This study presented a summary of findings, discussion and implications of the study

to medical-surgical nursing research, practice and education. Limitations and

recommendations were also discussed. The average number of comorbidities suffered before

the cervical cancer diagnosis in elderly women in Zimbabwe is 2.03 Number of comorbidities

in elderly women affect the way they interact with the health care system, discourages them

from seeking treatment for more serious conditions like cancer leading to presentation with

late stage symptoms.

The purpose of the study was to determine the relationship between prevalence of late

stage diagnosis of cervical cancer and number of comorbidities in elderly women aged 65

years and above in Zimbabwe. Betty Neuman’s Systems model was used to guide the study.

A number of environmental stressors affect the primary and secondary prevention of cervical

cancer in elderly women leading to tertiary prevention which leads to palliative care as the

disease will have progressed to stage 3 or 4. A quantitative, non-experimental, descriptive

correlational design was used to conduct the study. The design helped in the description of

variables and the relationship between them.
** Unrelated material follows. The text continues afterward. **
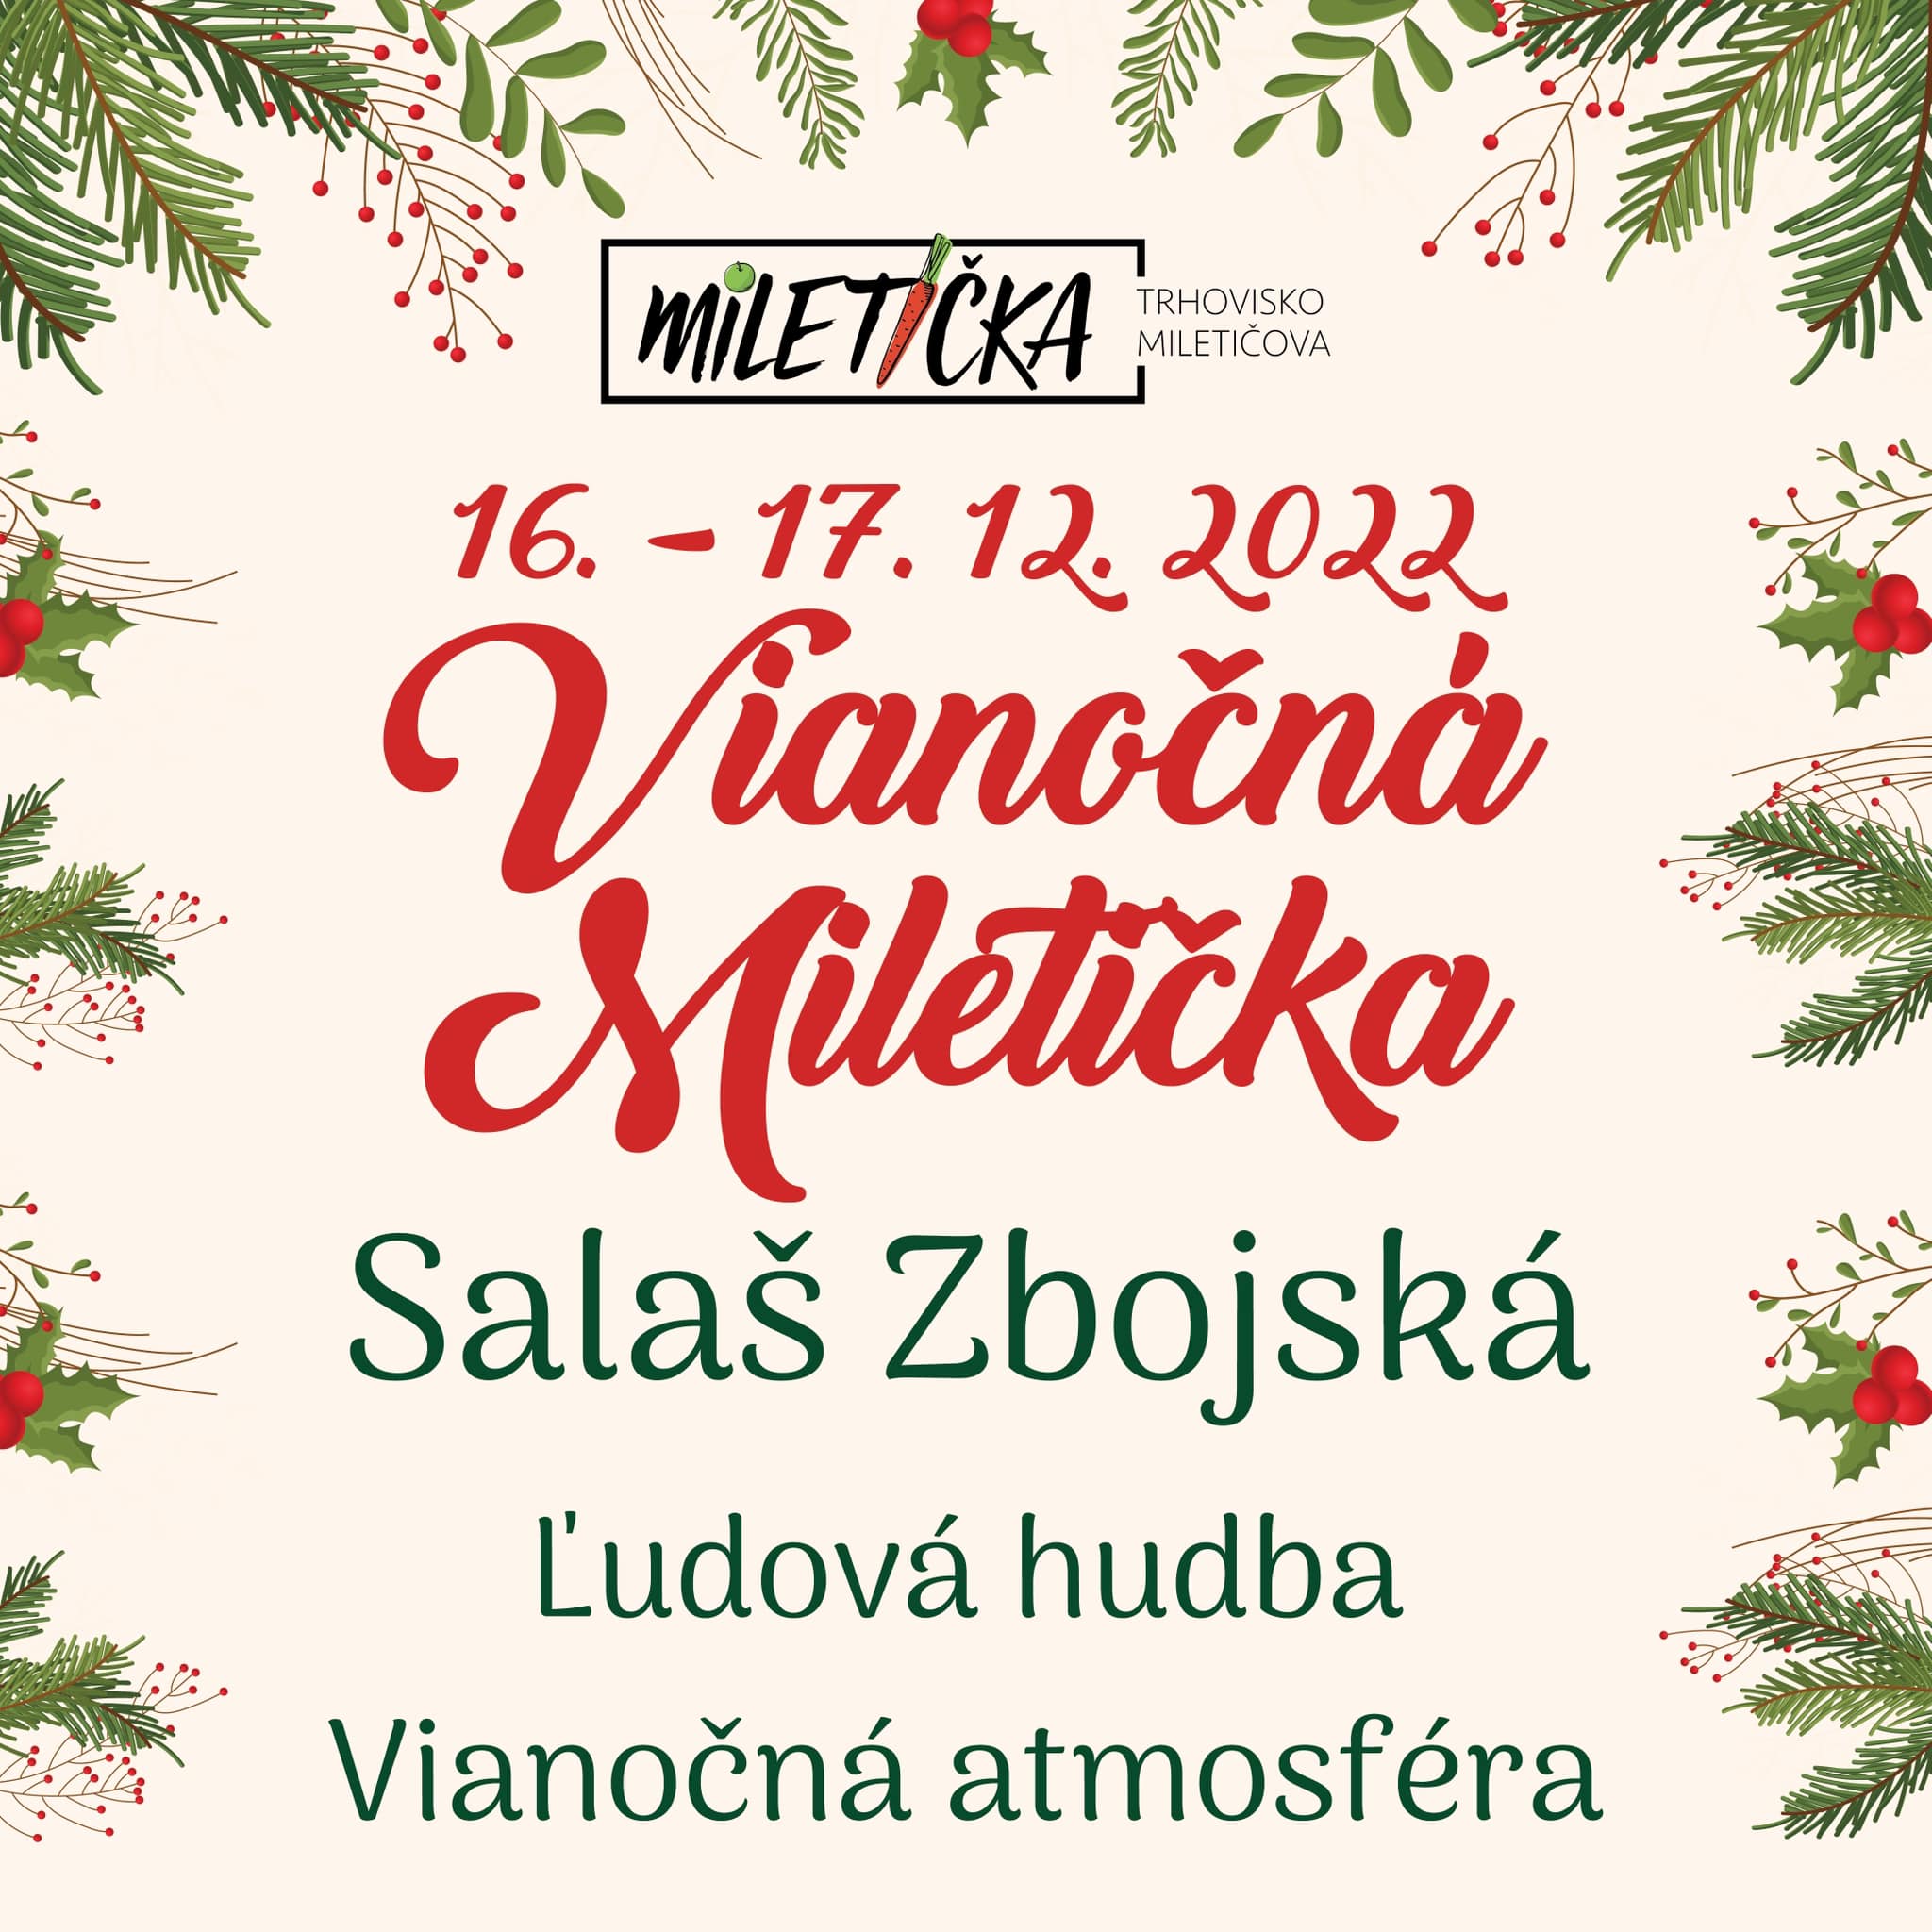 Vianočná Miletička 16. - 17. 12. 2022

Convenience sampling was used to select 68

participants from the Parirenyatwa Radiography department, ward A6 as well as Spilhause

clinic at Harare Hospital. Thirty minute structured interviews were conducted using an

interview guide. A power analysis of .80 and significance level of .05 were used to calculate

77

the sample size which was then quartered due to time and financial constraints. Power assists

in identification of relationships in populations, a positive, significant correlation was

identified between prevalence of late stage cervical cancer diagnosis and number of

comorbidities before the diagnosis (r = .431**, p < 0.01).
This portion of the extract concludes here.